ACTION ITEM:
Leave out the pictures, and print exactly the lines from the one holding "An illustration of" through the last line of the material.

RAW DATA:
·····

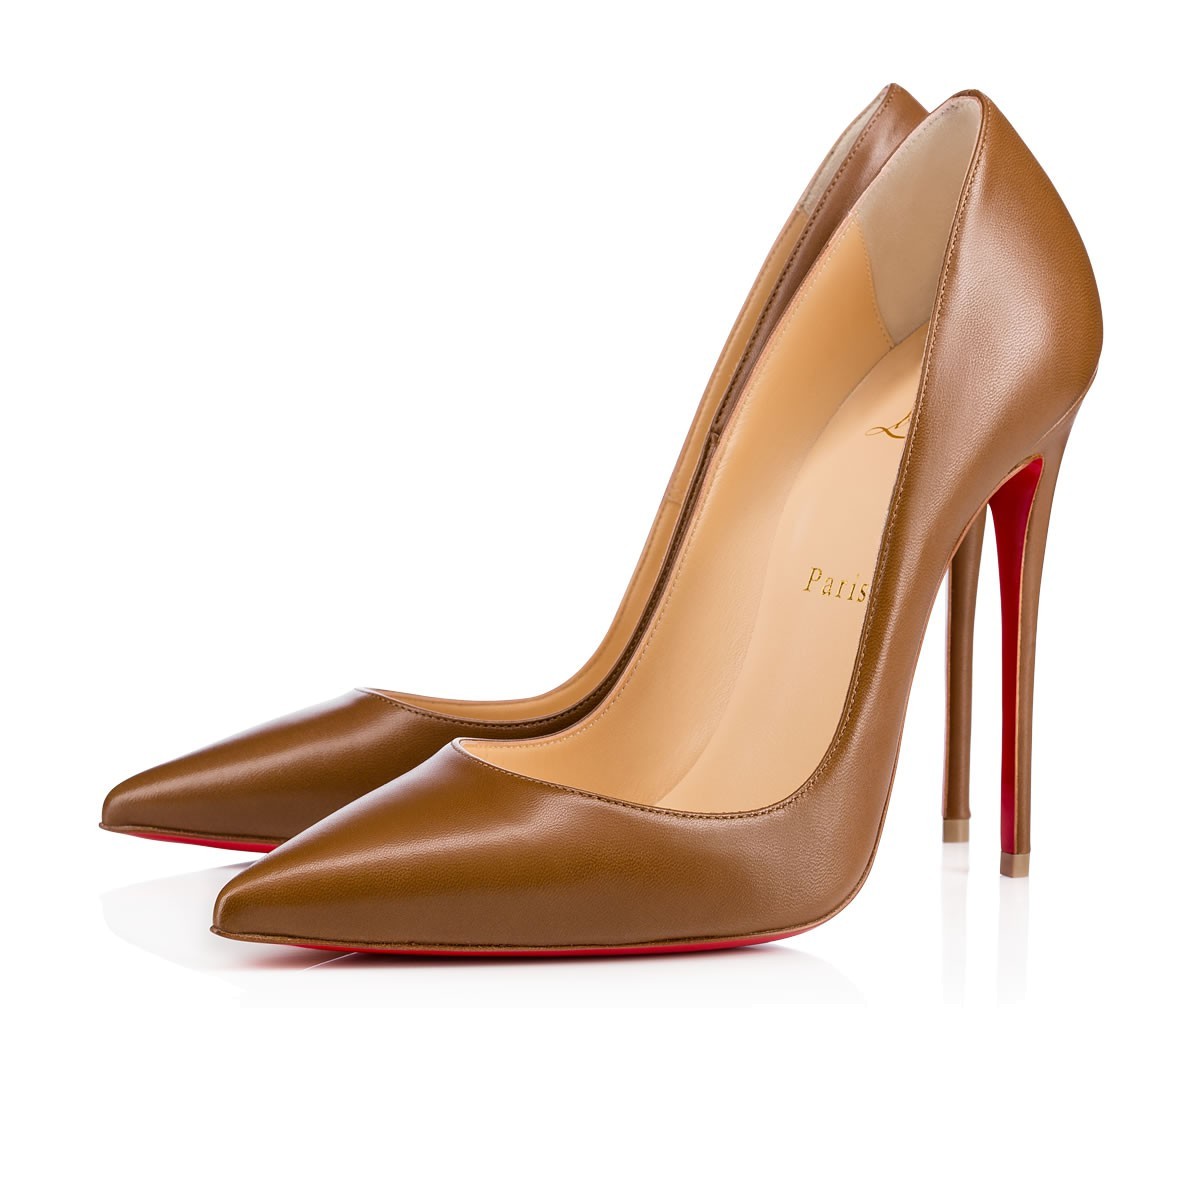 Christian Louboutin So Kate Mm Shoes Post
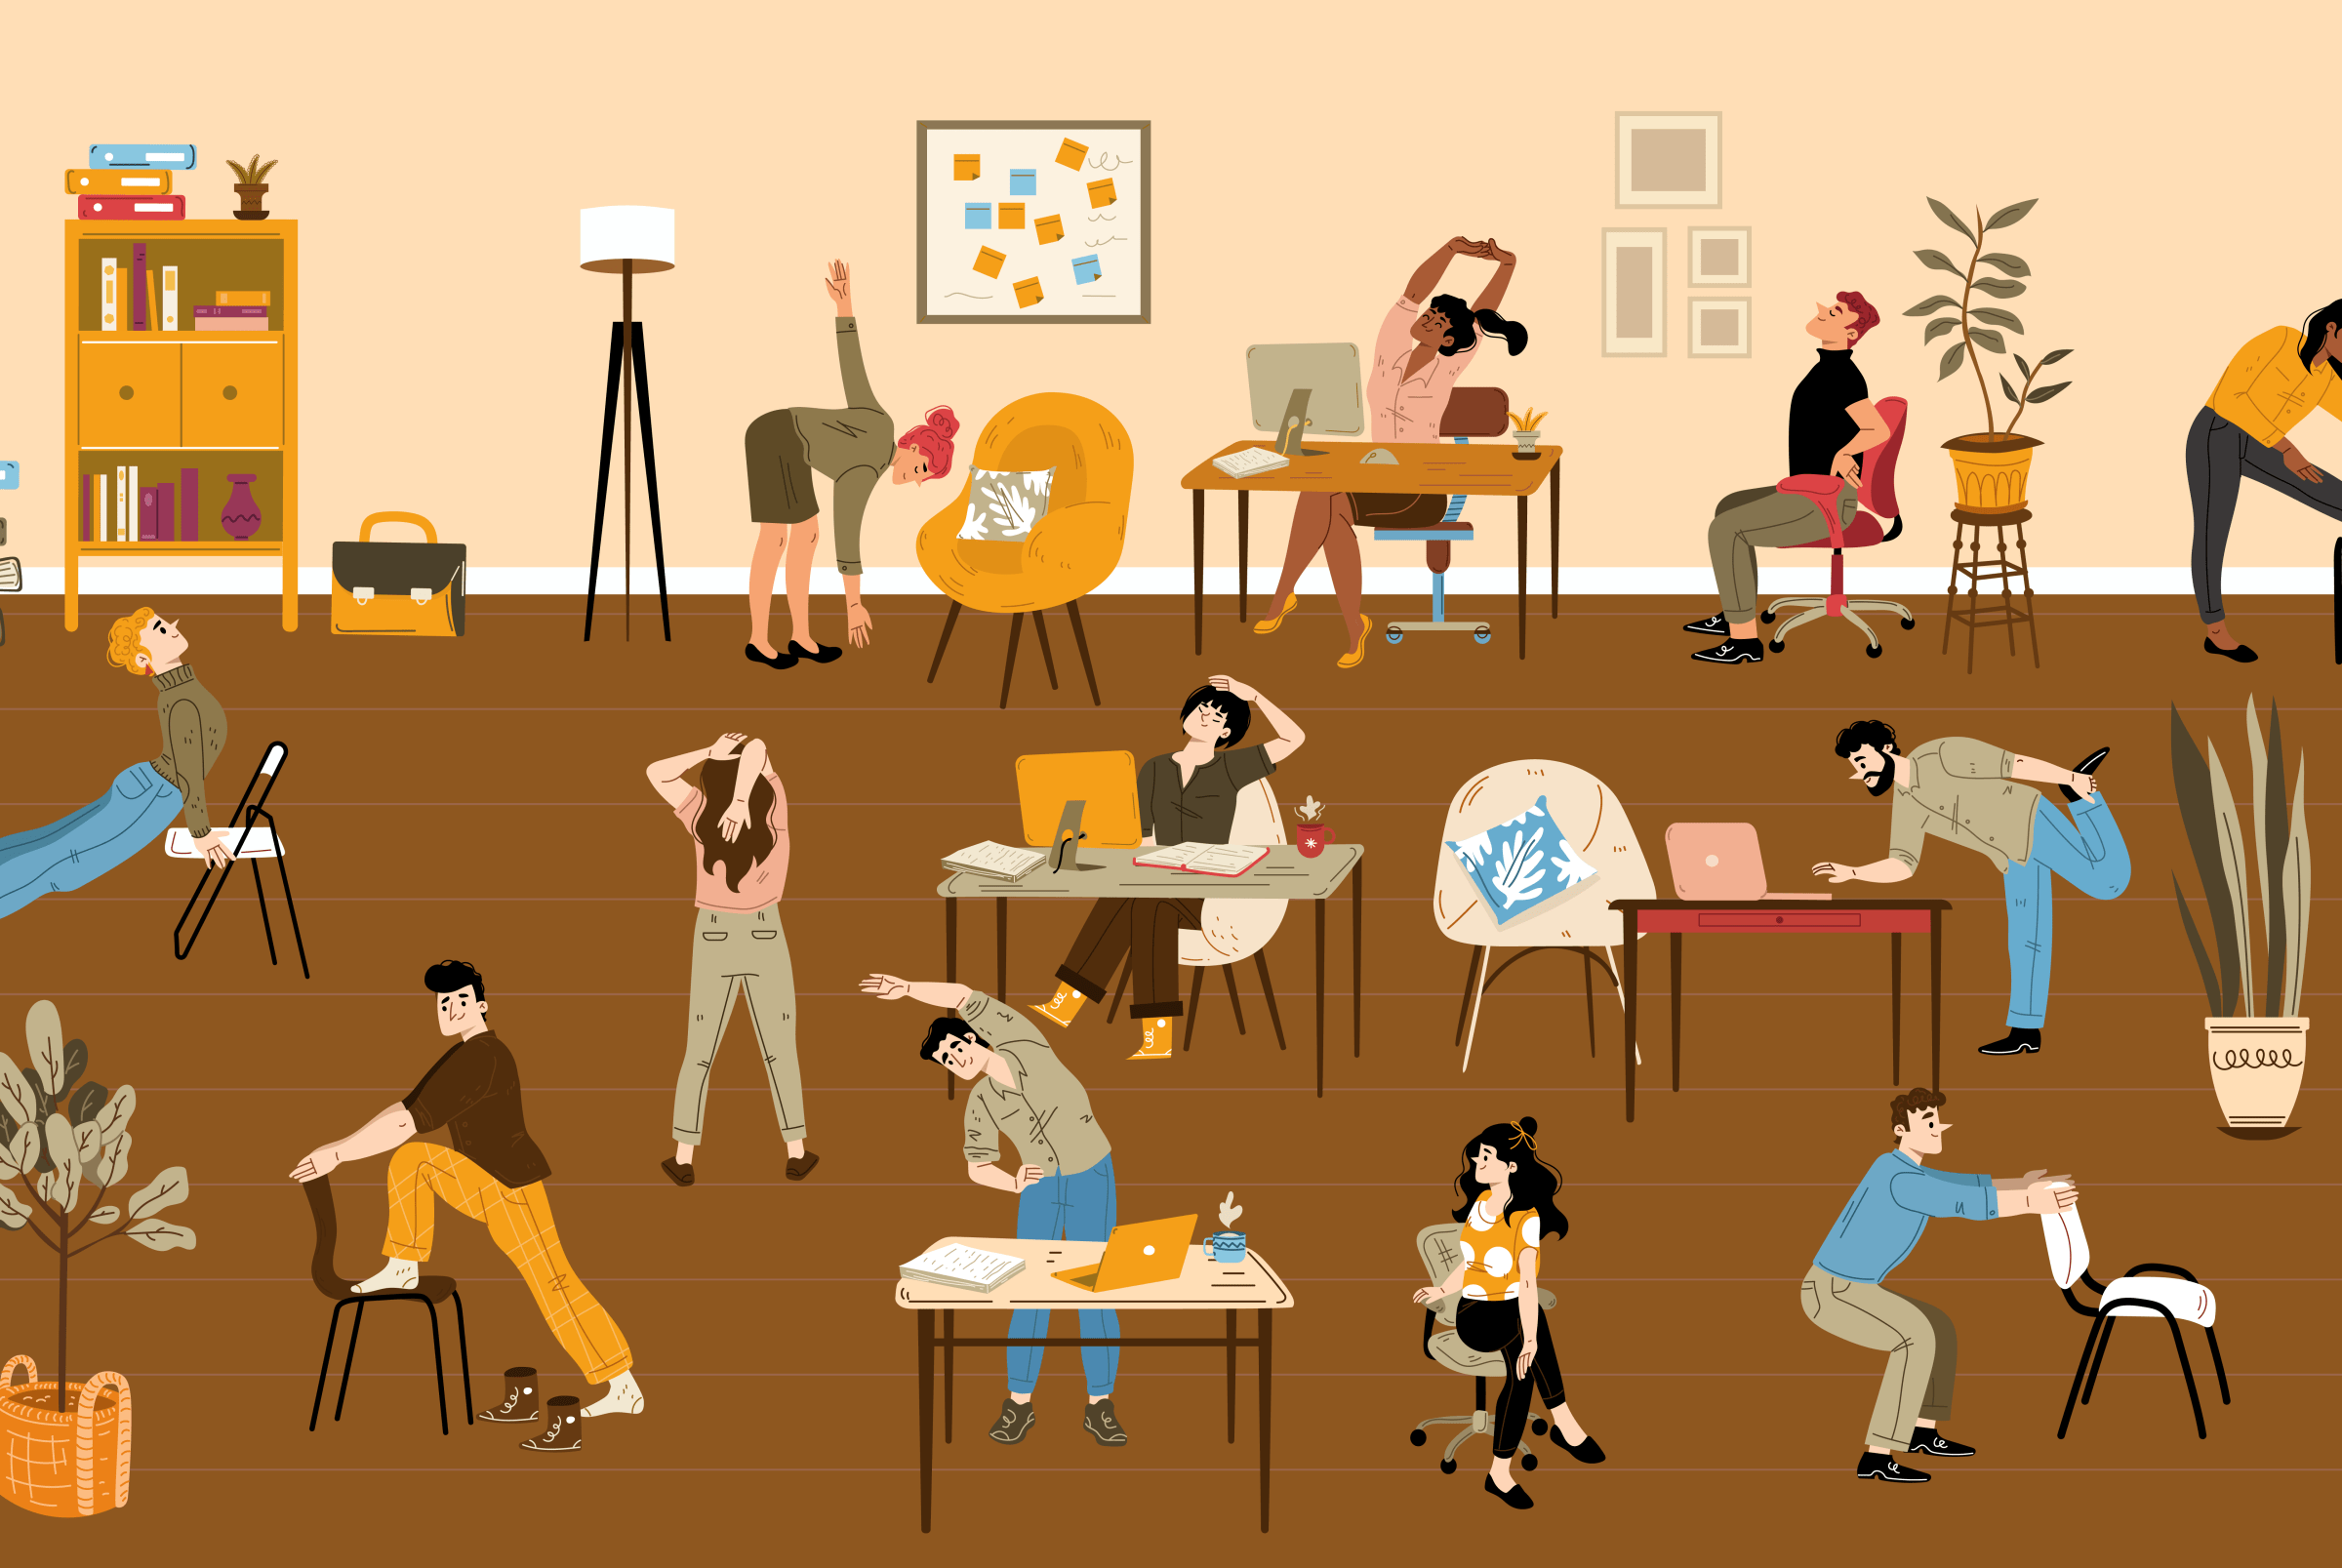 An illustration of an office with workers stretching by their desks and on chairs.
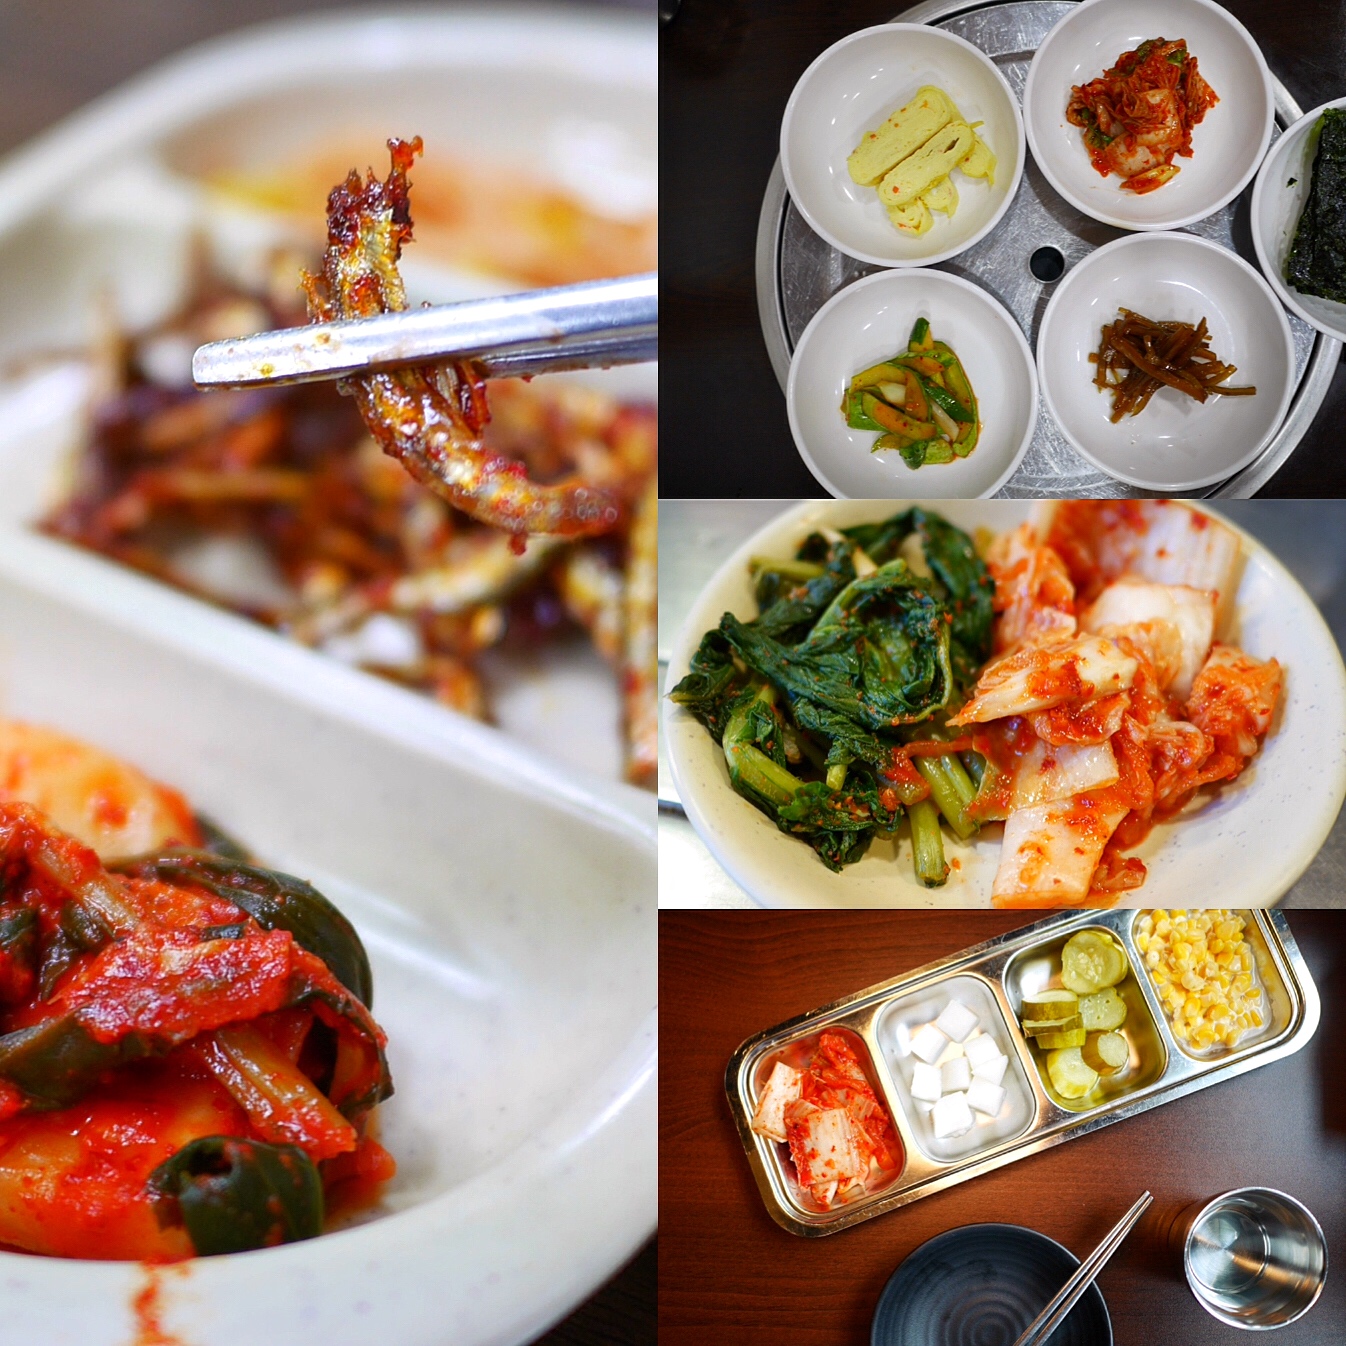 Seoul Food Guide 2015: How To Eat in Korea?  HeyTheresia  Indonesian Food  Travel Blogger
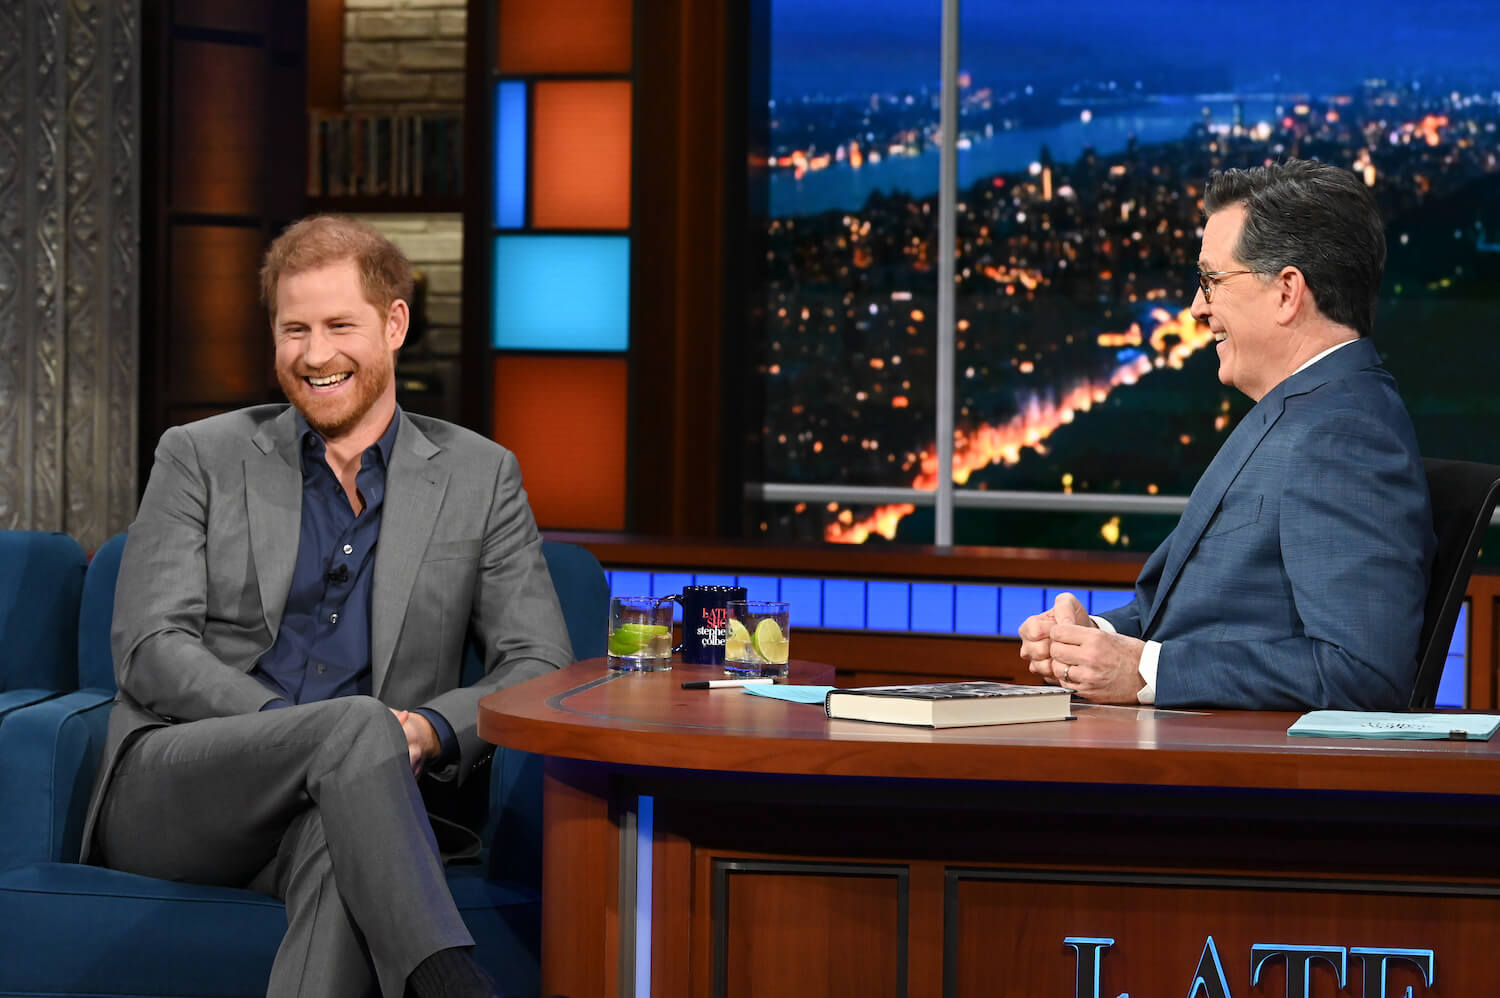 Prince Harry Was ‘On Top of His Game’ During Late Night Talk Show Appearance, Body Language Expert Says

·····

SOLUTION:
 An illustration of an office with workers stretching by their desks and on chairs.
 Seoul Food Guide 2015: How To Eat in Korea?  HeyTheresia  Indonesian Food  Travel Blogger
 Prince Harry Was ‘On Top of His Game’ During Late Night Talk Show Appearance, Body Language Expert Says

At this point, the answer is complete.